Doctors still don’t fully understand why people who take GLP-1 lose so much weight to begin with. Ozempic may be working on its own to encourage different eating habits, Wadden told me. “The drug dramatically changes your diet without much conscious effort,” he said. “How is it changing? We don’t know.” People who take the drug may end up eating less overall despite sticking to their previous diet: say, one Pop-Tart for dinner instead of five. (In this case, meetings with a nutritionist would be very helpful.) But the drugs could also help change people’s tastes. “Suddenly you like more fruits and vegetables,” Wadden said, “and you like lean proteins.” Similar questions could arise about exercise: just the act of losing a lot of weight could lead someone to do more physical activity , regardless of whether he has access to a gym or spends time with a trainer. The studies that could clarify this have not yet been carried out.

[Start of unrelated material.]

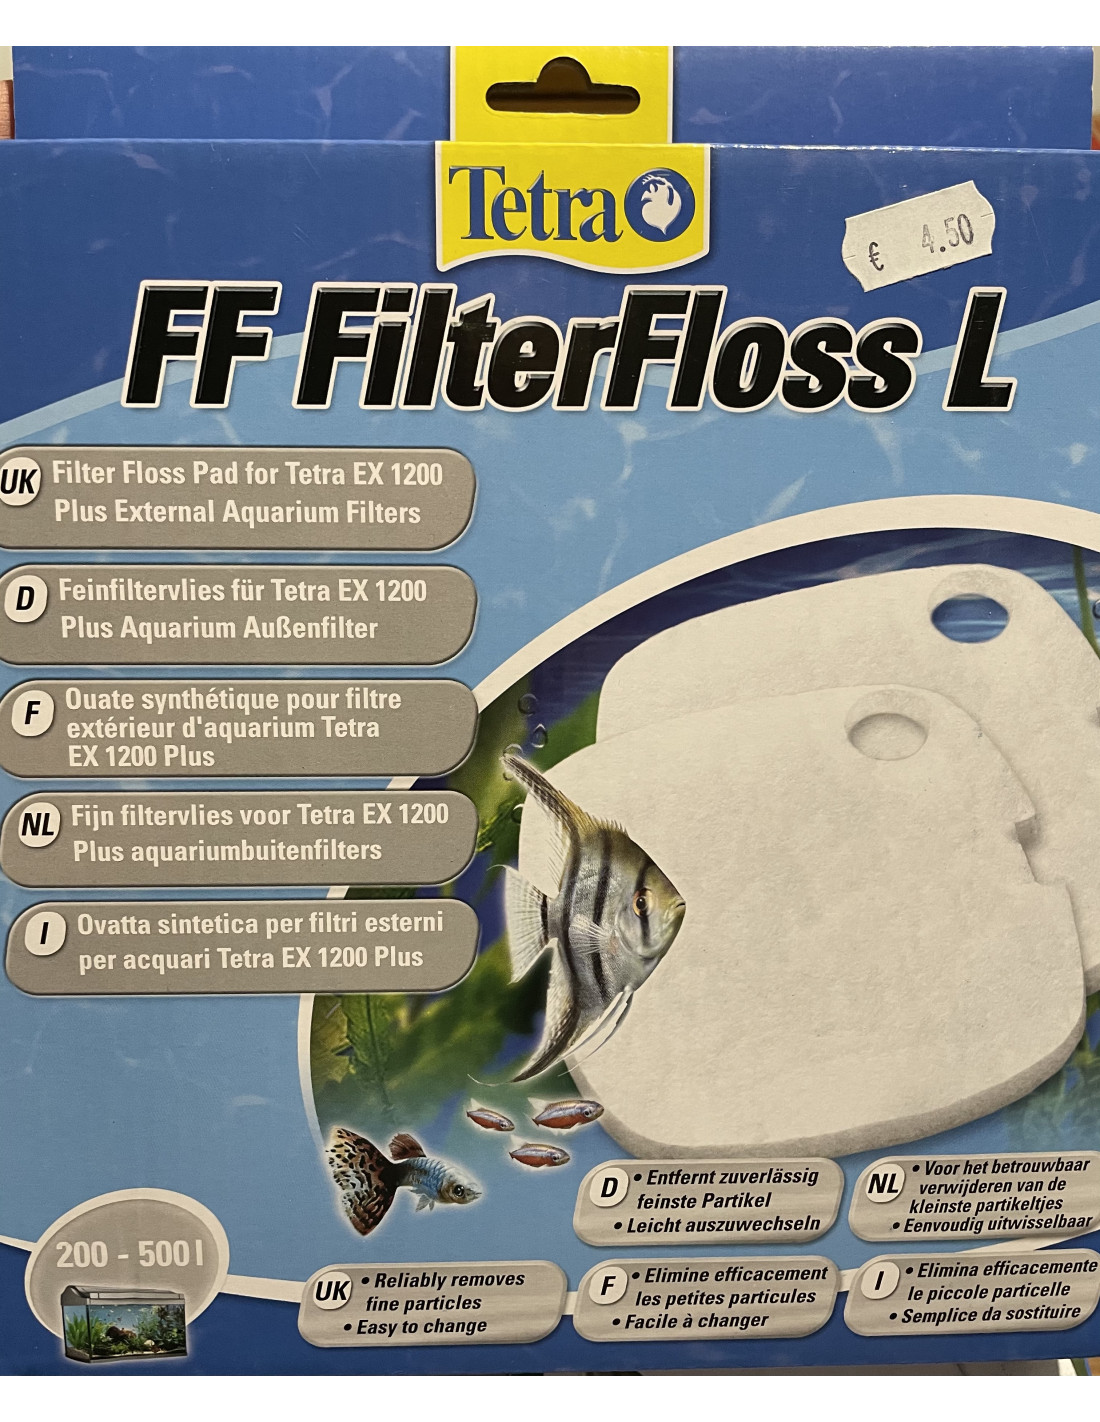 FF filter floss L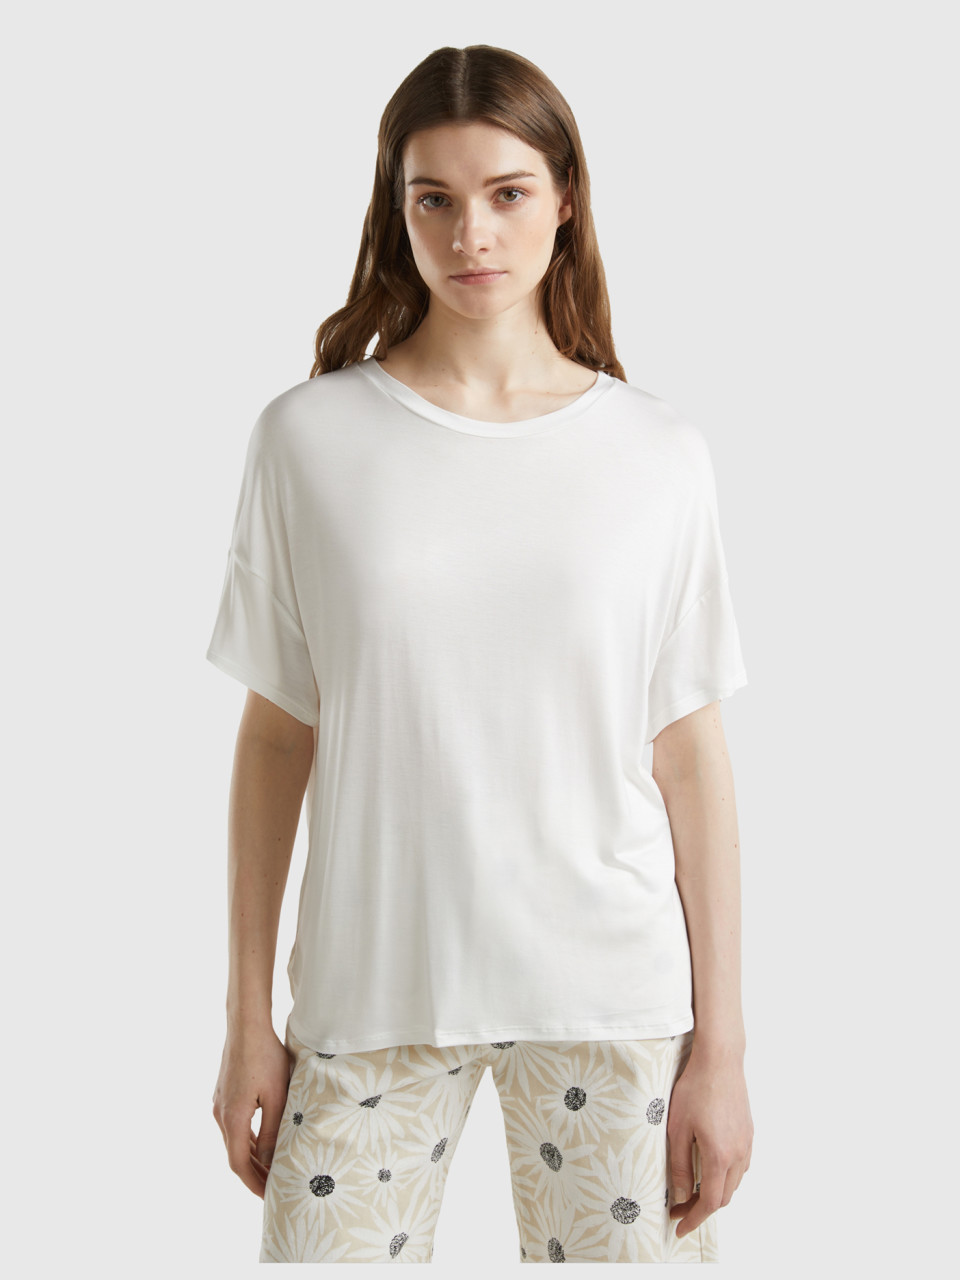 Benetton, Camiseta De Viscosa Sostenible Elástica, Blanco Crema, Mujer

Wadden, like many other doctors, remains convinced that diet and exercise should continue to be the standard treatment for people who are overweight or moderately obese. But for people who need to lose more weight — say, the tens of millions of Americans whose BMI is over 35 — he now believes the rules are changing. For this group, he said, “I no longer believe that lifestyle change is the cornerstone of obesity treatment.”